The separation on this variable isn’t great, but I would like to include it in the analysis if possible. Any idea what might be causing this error?

Thanks,
Gannon

Files:
Command log: nohup.txt (56.6 KB)
Macro: performAnalysis.py (4.9 KB)
(Let me know if you want to see the dependencies for the macro or the ntuples themselves. They’re fairly large so I’m not sure how to share them here.)

@jonas Is this something you can help with?
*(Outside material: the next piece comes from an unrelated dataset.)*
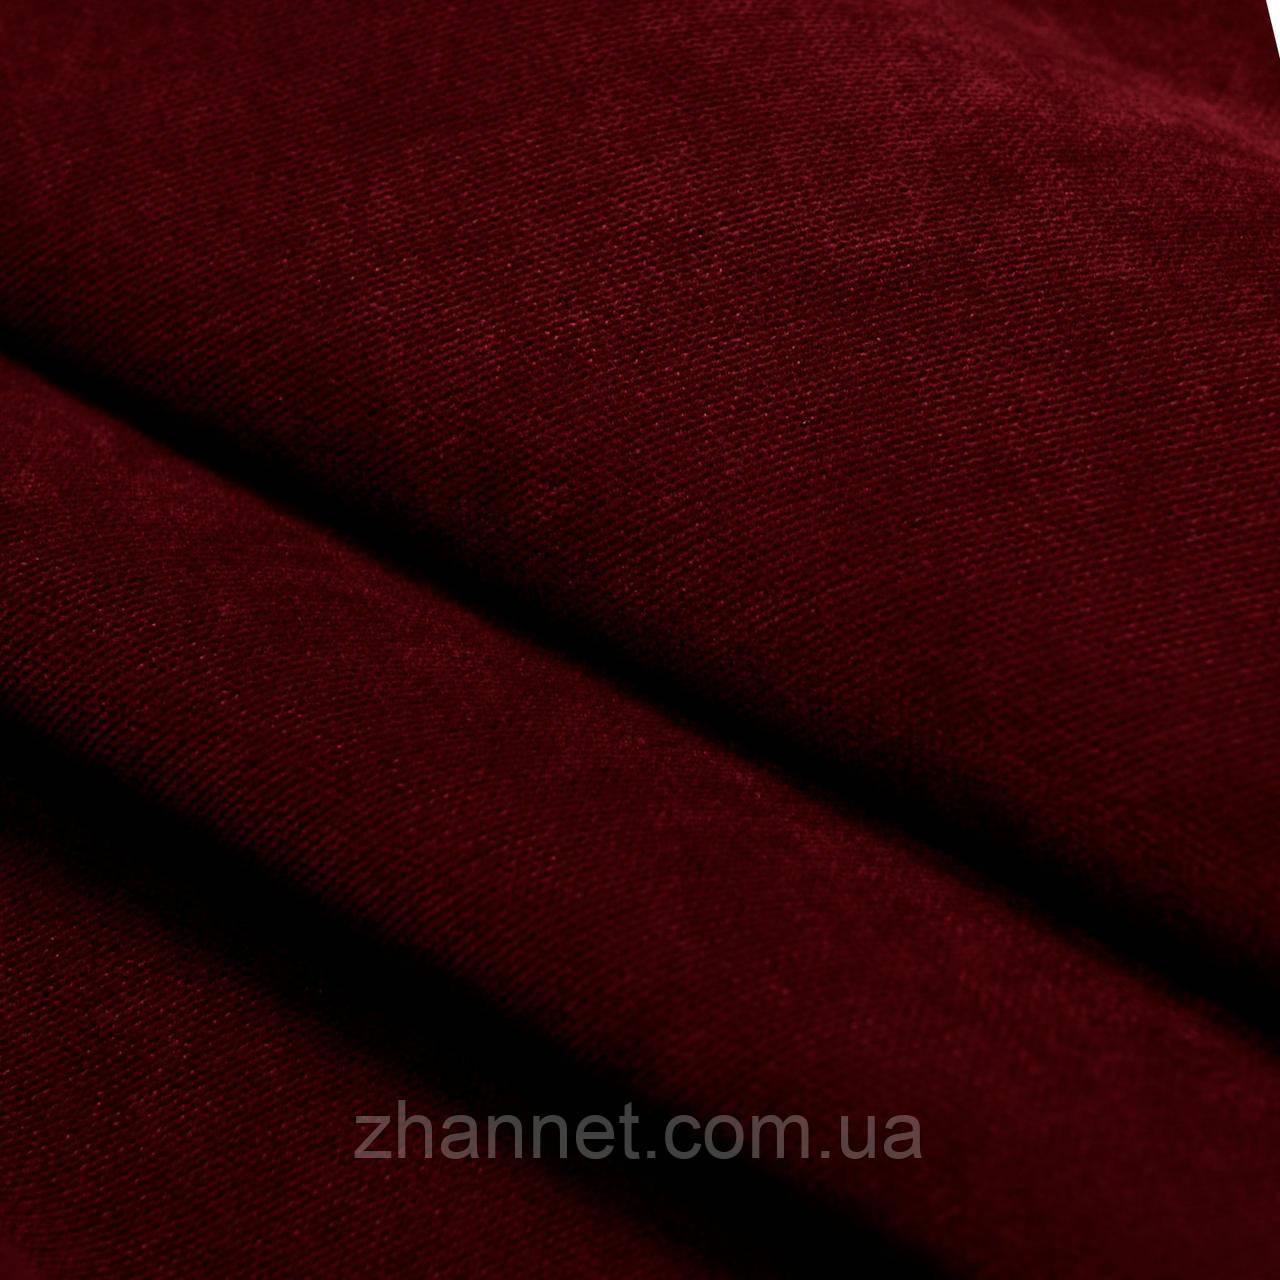 Ткань для штор Diamond бордовый 295 см (1403197)

Hi, I’m not the TMVA expert here, just RooFit :slight_smile:
I think @moneta is the main expert here.

Hi,
I think this is caused by some BDT output values being a NaN for some events, so a check in Tools.cxx:152 fails and ends up in a FATAL.
I think the issue should be solved if one understand why you are getting NaN values. Are you sure all inputs are OK and not NaN.
I would need access to your input files to understand more about the problem

Lorenzo

Hi Lorenzo,
I’ve checked all the events and none of the inputs are NaN. I’m going to try running the BDT on the input tree in segments to see if I can find which event(s) lead to a NaN BDT output. If you want to take a look at the input files, I can share them. What’s the easiest way to transfer them?
Gannon

Hi,
You can share via cernbox for example. Please also share your C++ code running the BDT.

Cheers

Lorenzo

Hi,
Here’s a link to the files I was analyzing (WW as signal, ttbar as background.) I am using a set of python files instead of C++ to run the BDT, which I included. The performAnalysis.py file in run is what i actually run, while src contains middleware used to load the data files, declare variables etc.
Thanks,
Gannon